In SQL interviews, candidates are often asked how they would analyze a new dataset before writing complex queries. Interviewers want to see whether you can move from raw tables to reliable insights in a structured way.
Explain how you would approach analyzing a dataset using SQL. Your answer should cover:
Keep the answer practical and SQL-oriented. The interviewer is not looking for advanced modeling or machine learning. Focus on a clear, step-by-step workflow for exploring, validating, and summarizing data in PostgreSQL, and mention the kinds of queries you would write at each stage.
The first step is understanding what data exists, what each column represents, and which fields may be useful for filtering or grouping. In practice, this means checking column names, data types, and likely keys before doing any analysis.
SELECT column_name, data_type
FROM information_schema.columns
WHERE table_name = 'orders'
ORDER BY ordinal_position;
Before trusting any metric, you should check for missing values, duplicates, and invalid ranges. Early validation prevents incorrect conclusions caused by bad records or misunderstood fields.
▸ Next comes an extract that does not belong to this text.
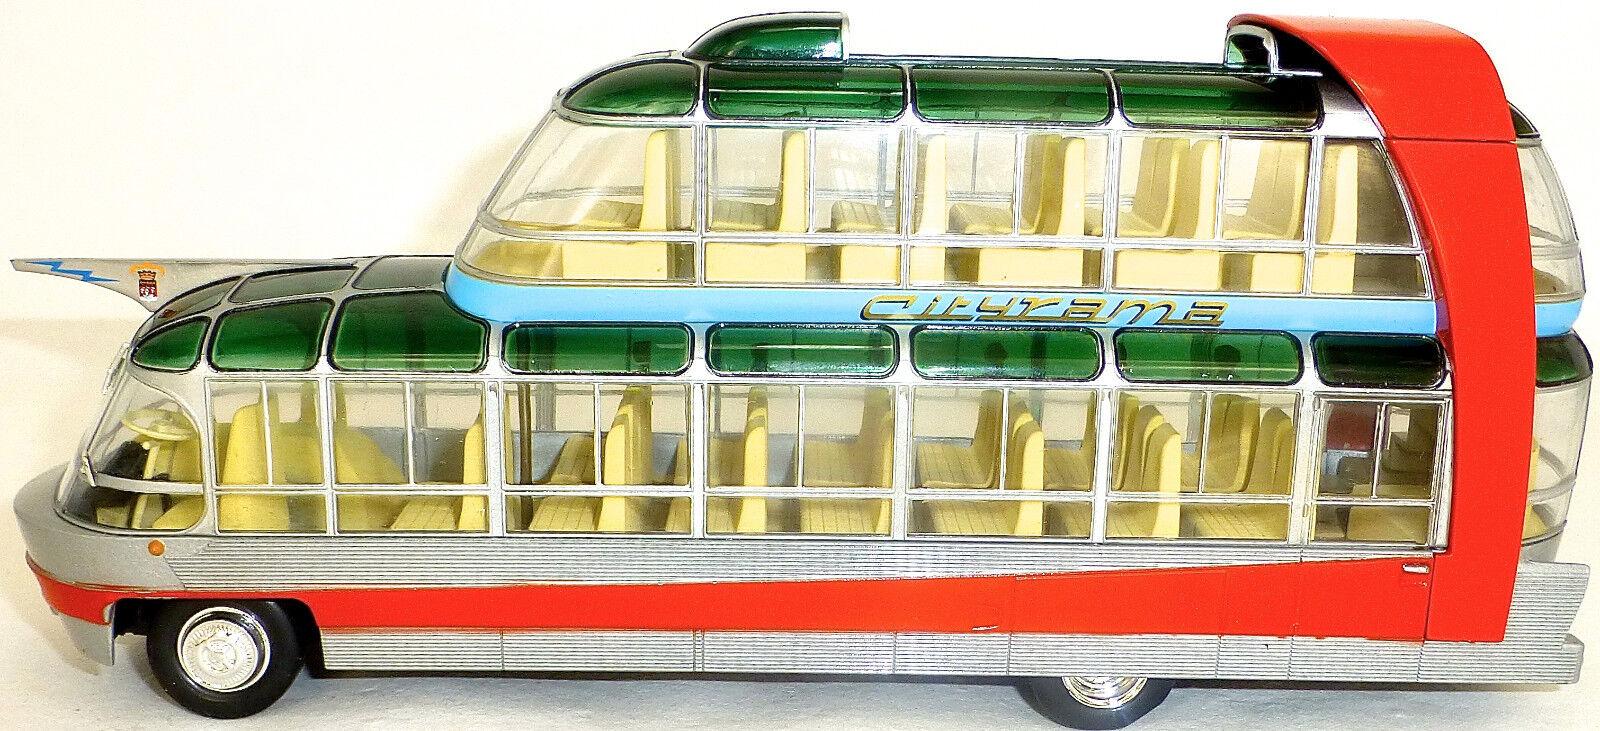 CITROEN U55 Cityrama Currus Bus IXO para HACHETTE 1 43 NUEVO EN emb.orig. hf5

SELECT COUNT(*) AS total_rows,
COUNT(*) FILTER (WHERE customer_id IS NULL) AS null_customer_id,
COUNT(*) FILTER (WHERE amount IS NULL) AS null_amount
FROM orders;
Basic summaries help you understand scale, distribution, and major segments in the data. Common starting points are row counts, averages, totals, minimums, maximums, and grouped summaries by category or date.
SELECT status, COUNT(*) AS order_count, AVG(amount) AS avg_amount
FROM orders
GROUP BY status
ORDER BY order_count DESC;
Analysis is usually iterative: broad summaries reveal patterns, and then follow-up queries investigate anomalies or interesting segments. A good analyst narrows from overview metrics into specific subsets that explain what is happening.
SELECT order_date, COUNT(*) AS orders
FROM orders
GROUP BY order_date
ORDER BY order_date;
SQL analysis is not just about writing queries; it is about connecting results to the business question. Strong answers explain how the outputs would guide decisions, identify risks, or suggest the next metric to examine.